> **EXERCISE REQUIREMENTS**
Beginning at the line containing "plan de maison", give again every line through the end of the data, unchanged and with both ends included. Drop any pictures.

Records from a collection
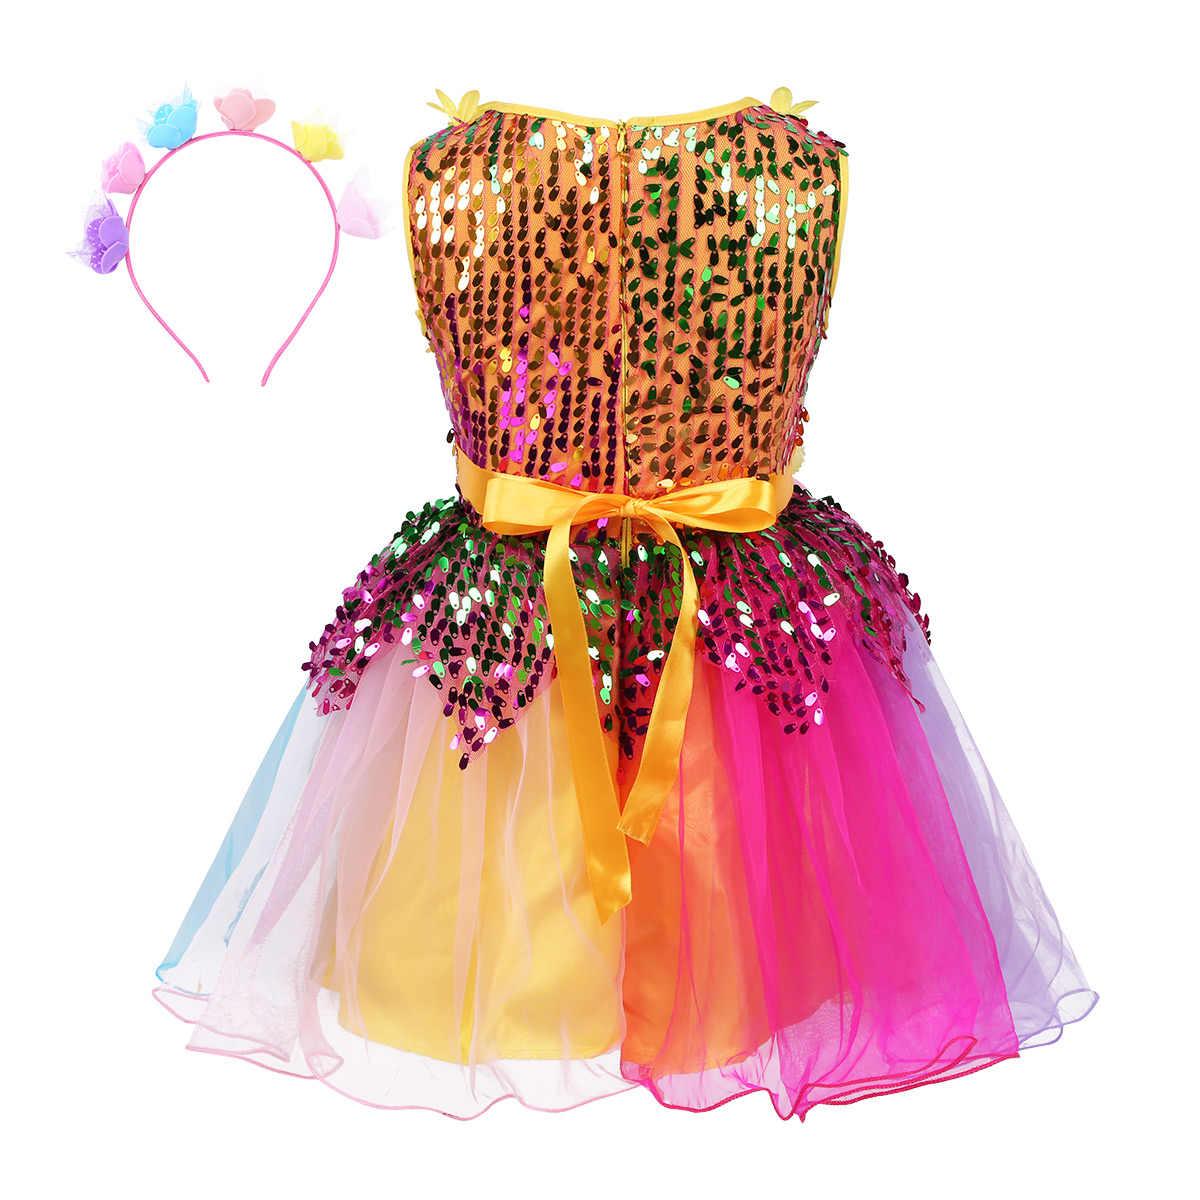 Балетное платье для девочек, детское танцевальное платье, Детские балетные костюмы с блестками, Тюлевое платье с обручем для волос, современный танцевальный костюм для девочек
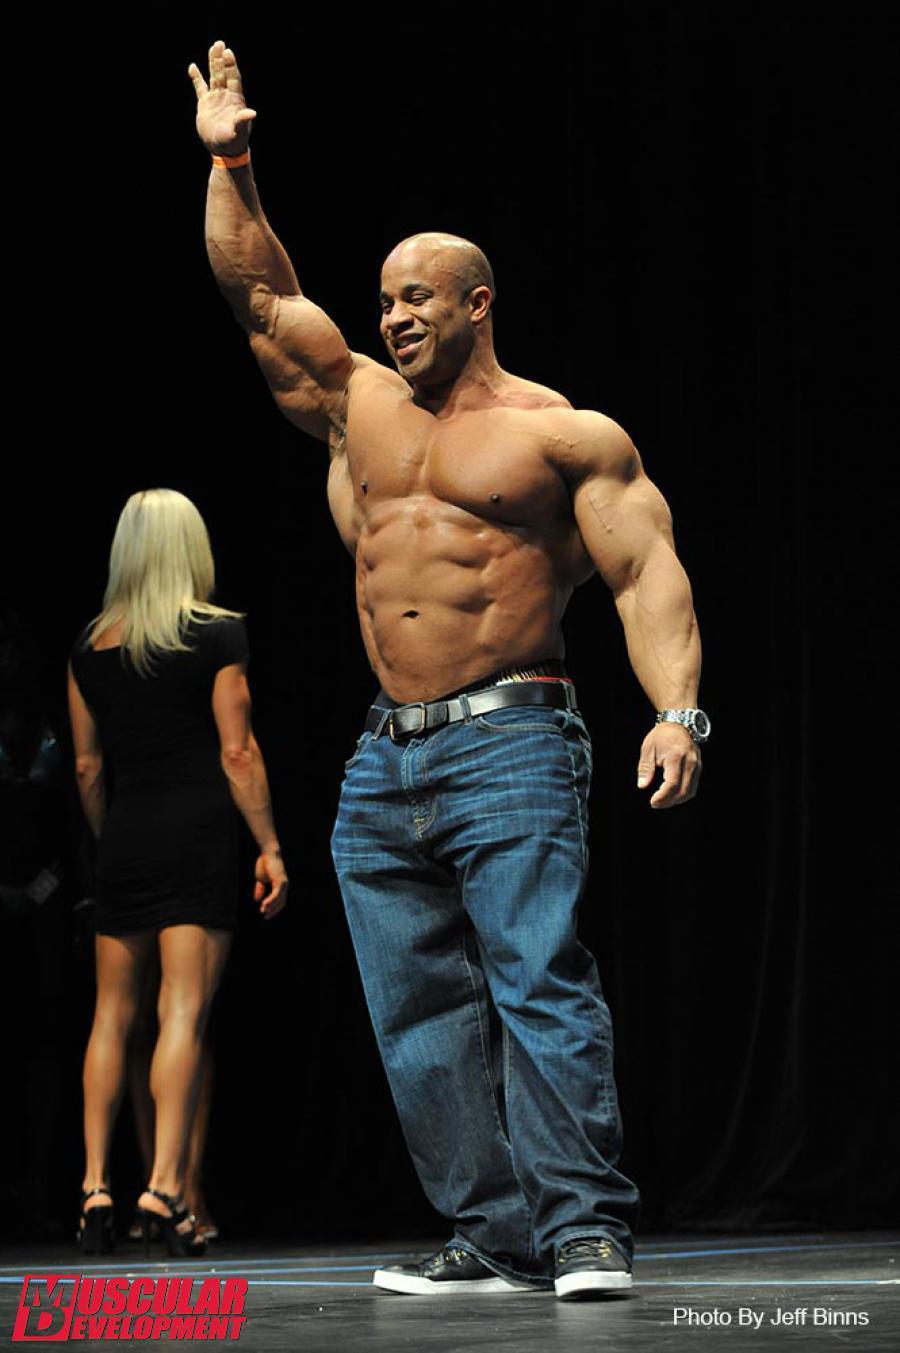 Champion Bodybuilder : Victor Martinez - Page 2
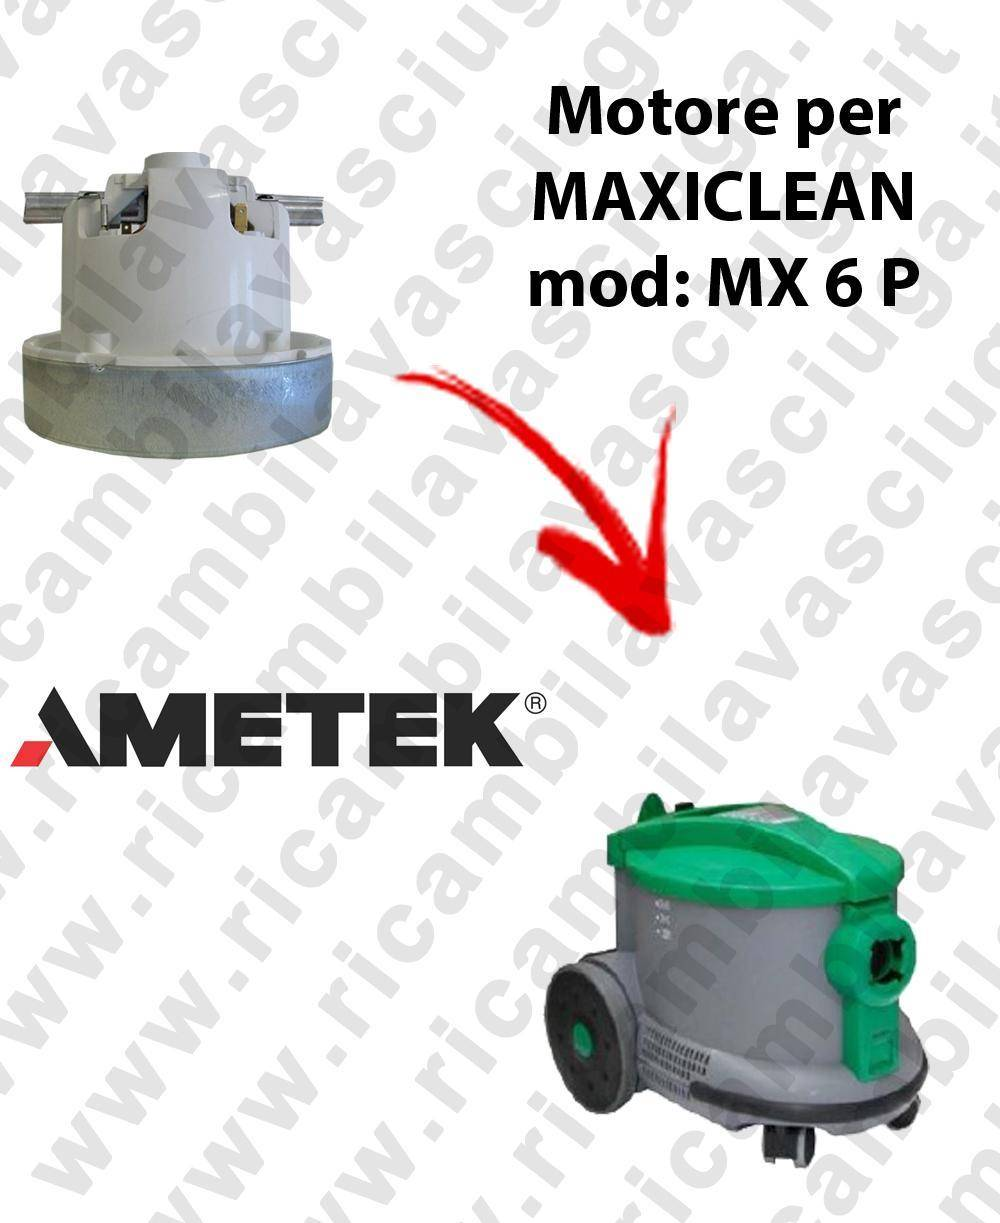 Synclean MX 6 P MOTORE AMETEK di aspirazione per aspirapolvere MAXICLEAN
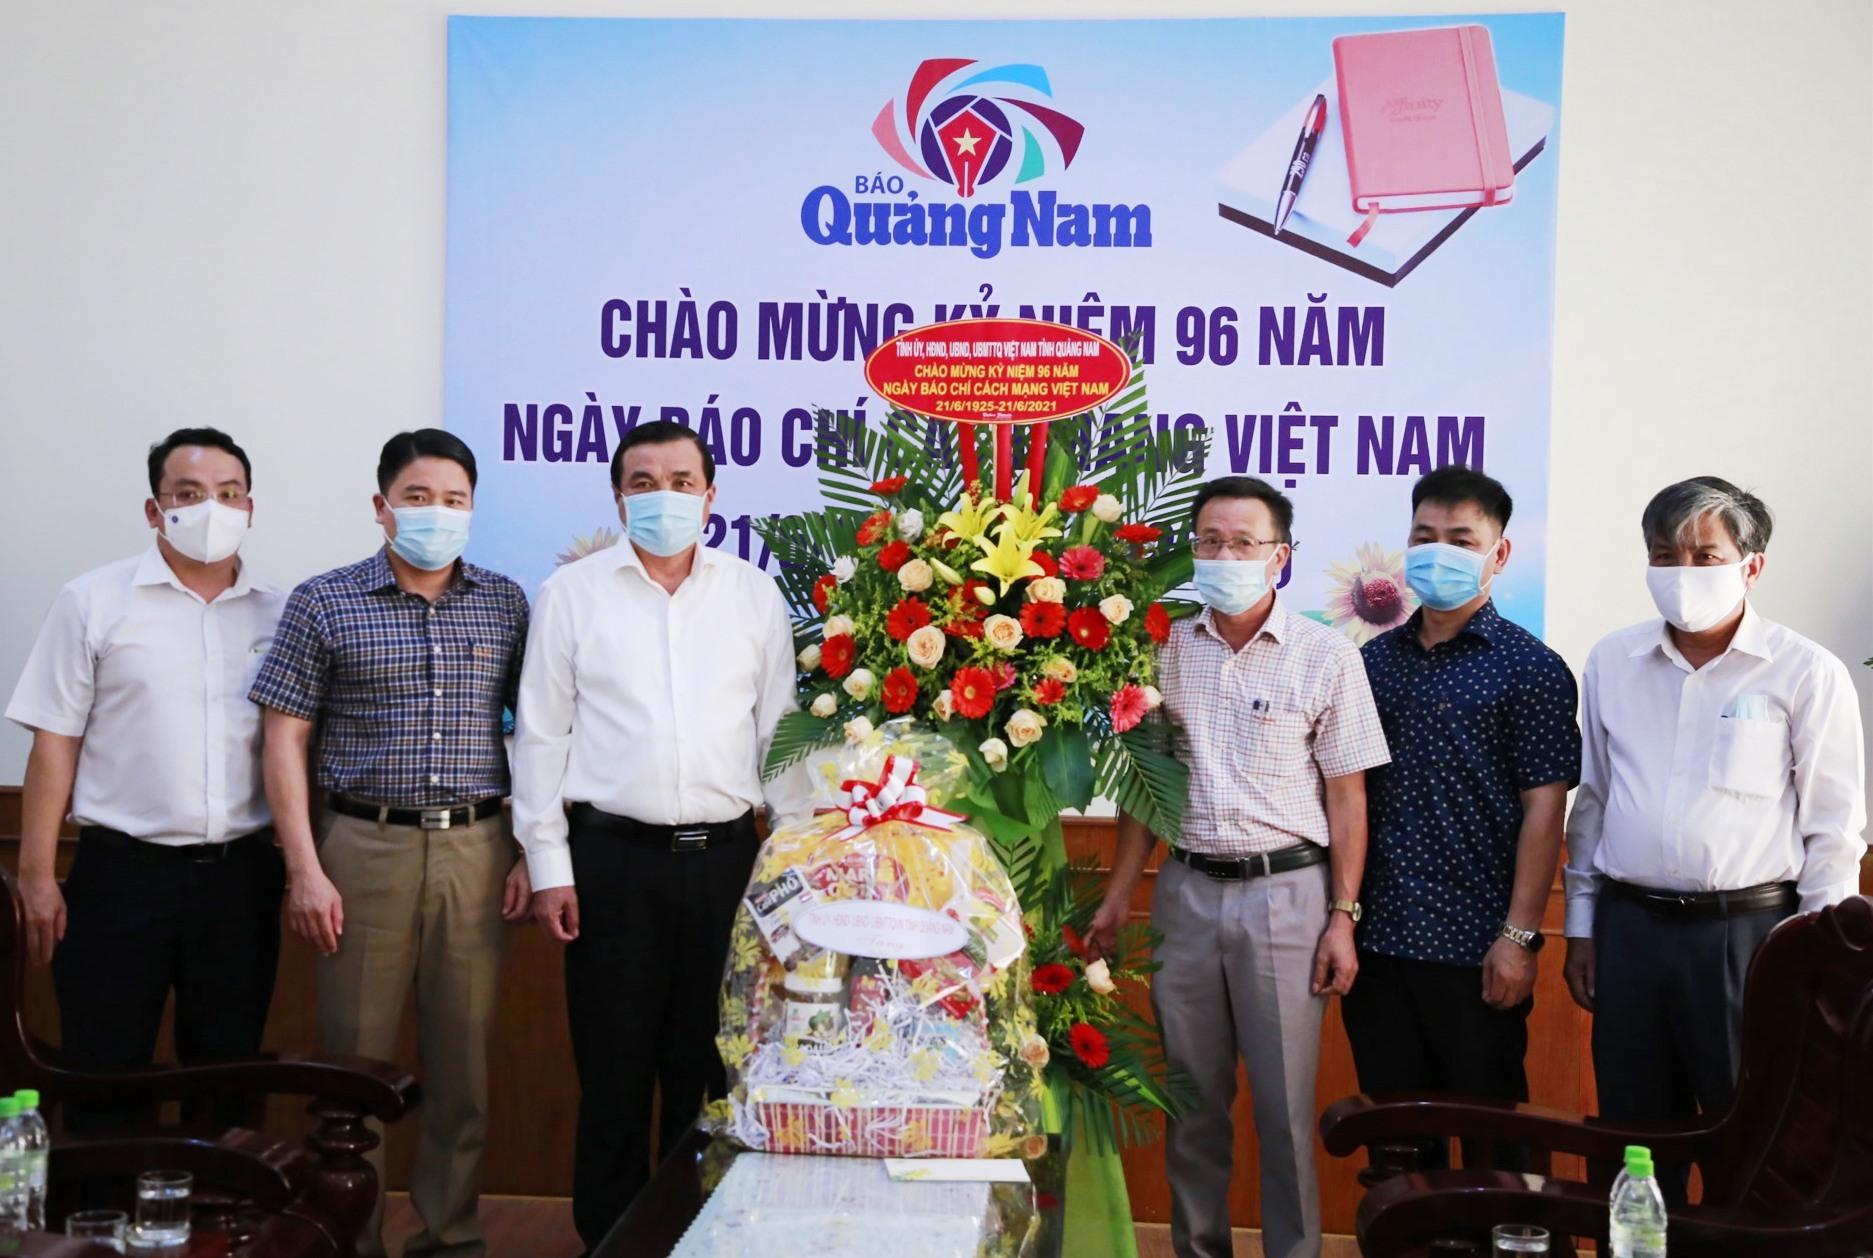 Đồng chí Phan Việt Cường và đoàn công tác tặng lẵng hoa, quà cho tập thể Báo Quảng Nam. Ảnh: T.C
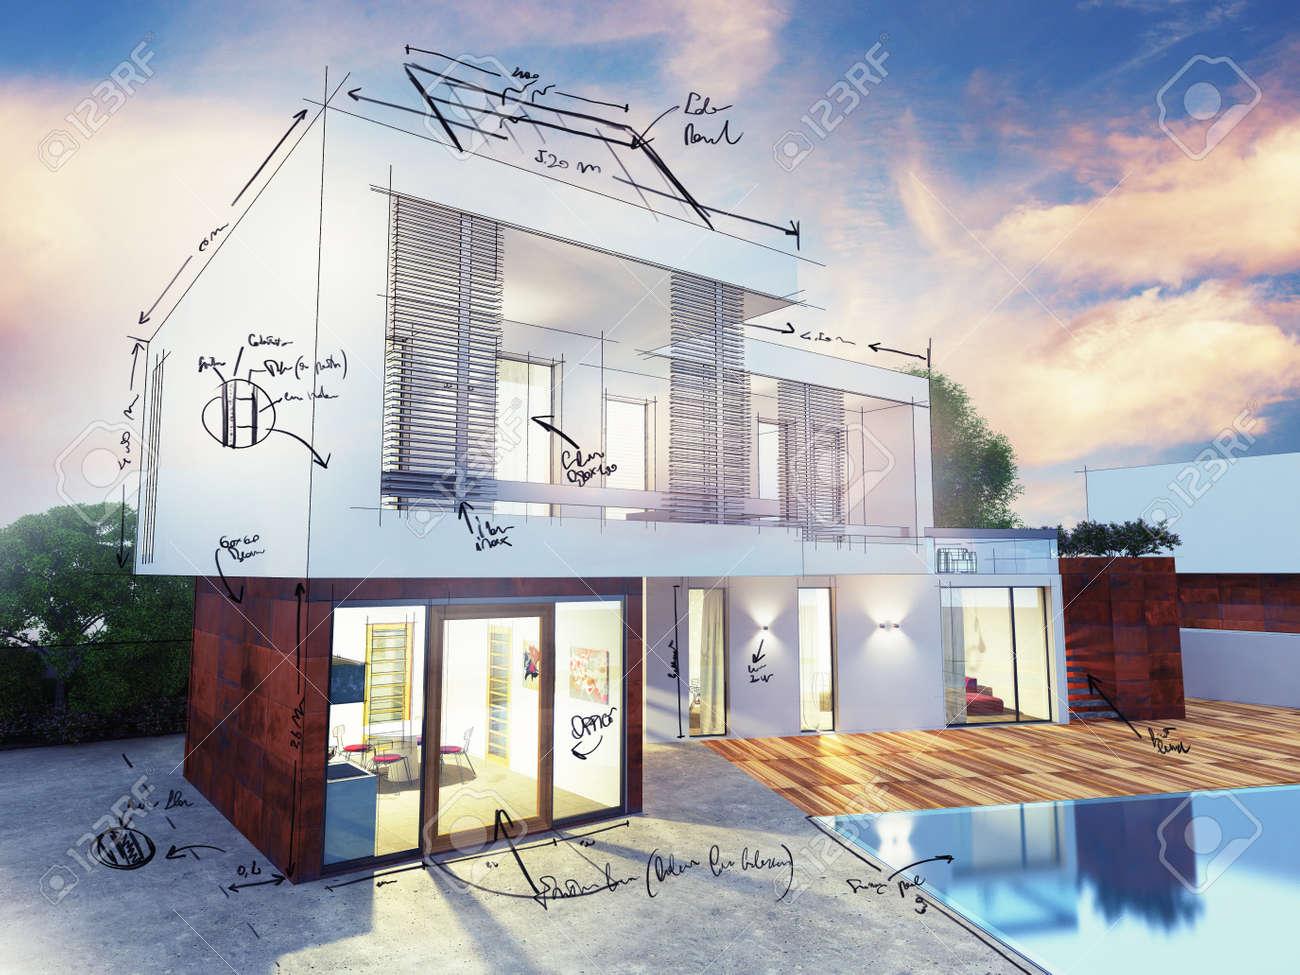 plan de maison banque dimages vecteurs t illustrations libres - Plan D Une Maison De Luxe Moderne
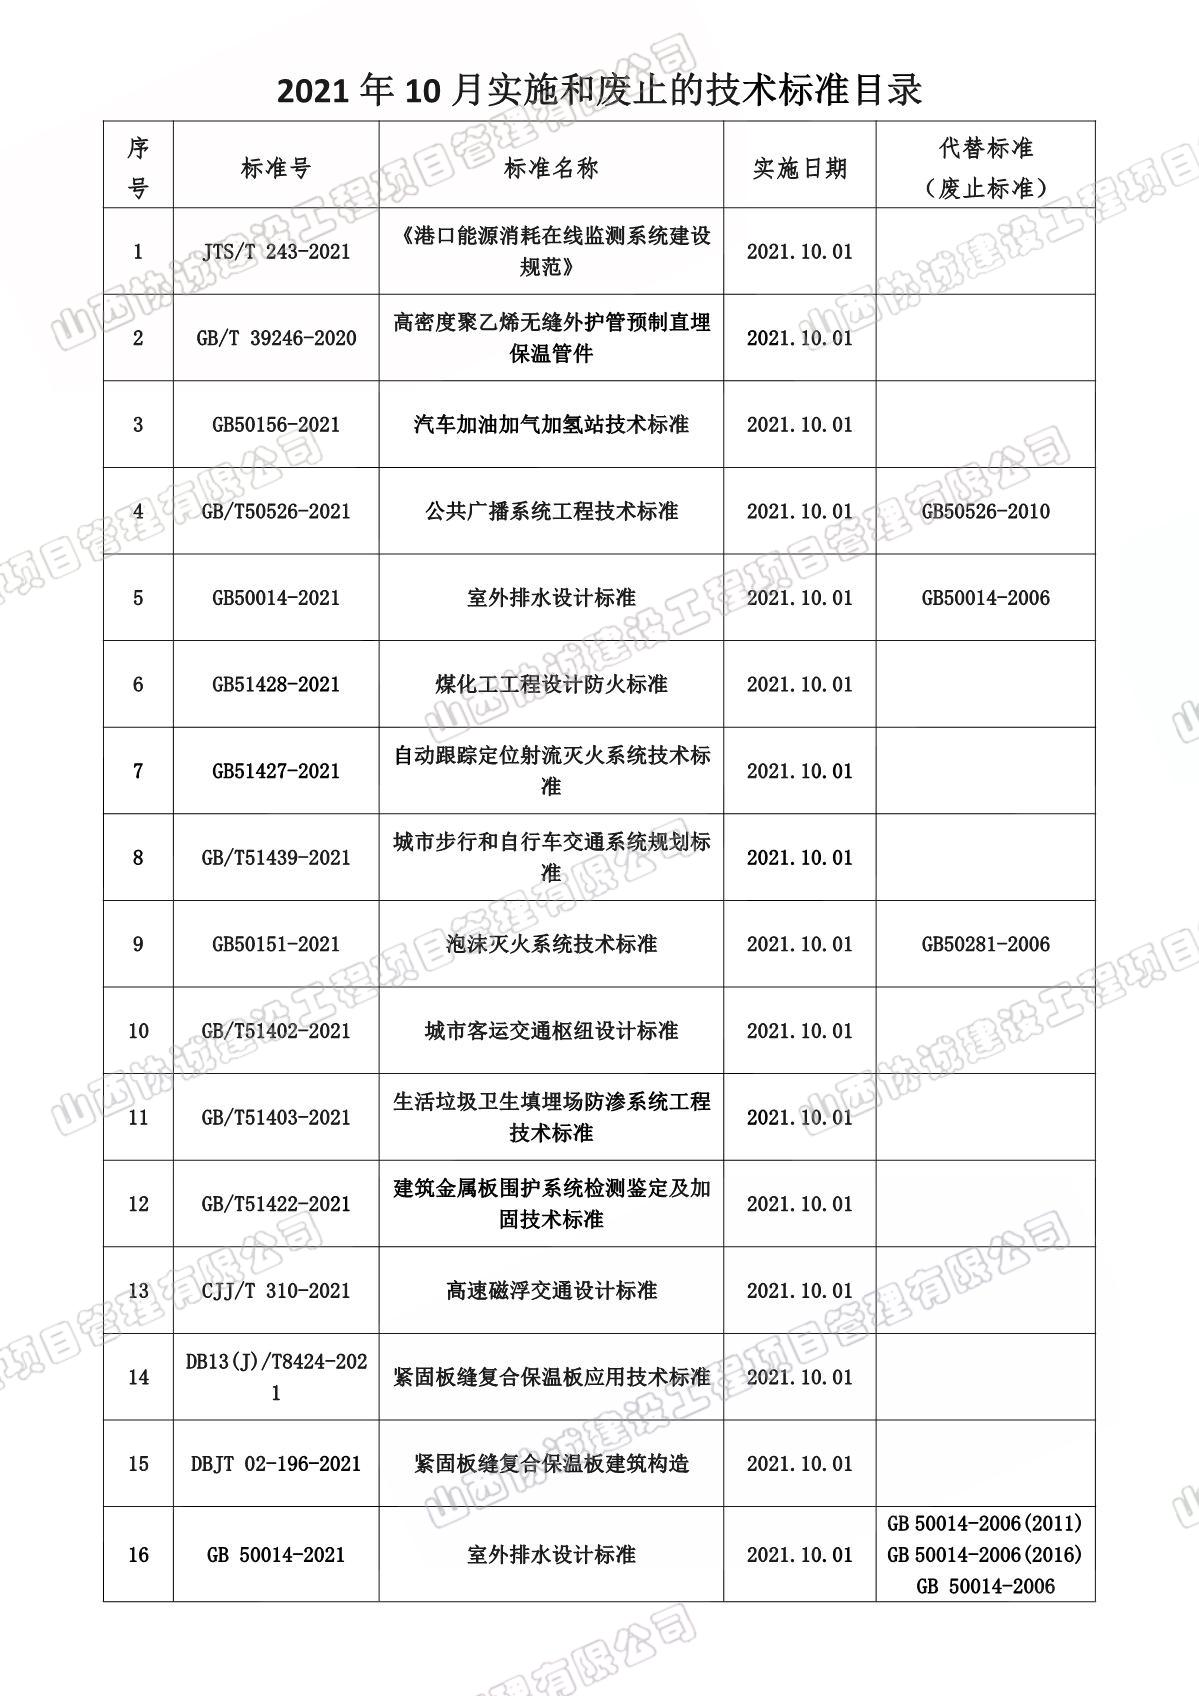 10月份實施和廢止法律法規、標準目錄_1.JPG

> **RESPONSE TO THIS EXERCISE**
 plan de maison banque dimages vecteurs t illustrations libres - Plan D Une Maison De Luxe Moderne
 10月份實施和廢止法律法規、標準目錄_1.JPG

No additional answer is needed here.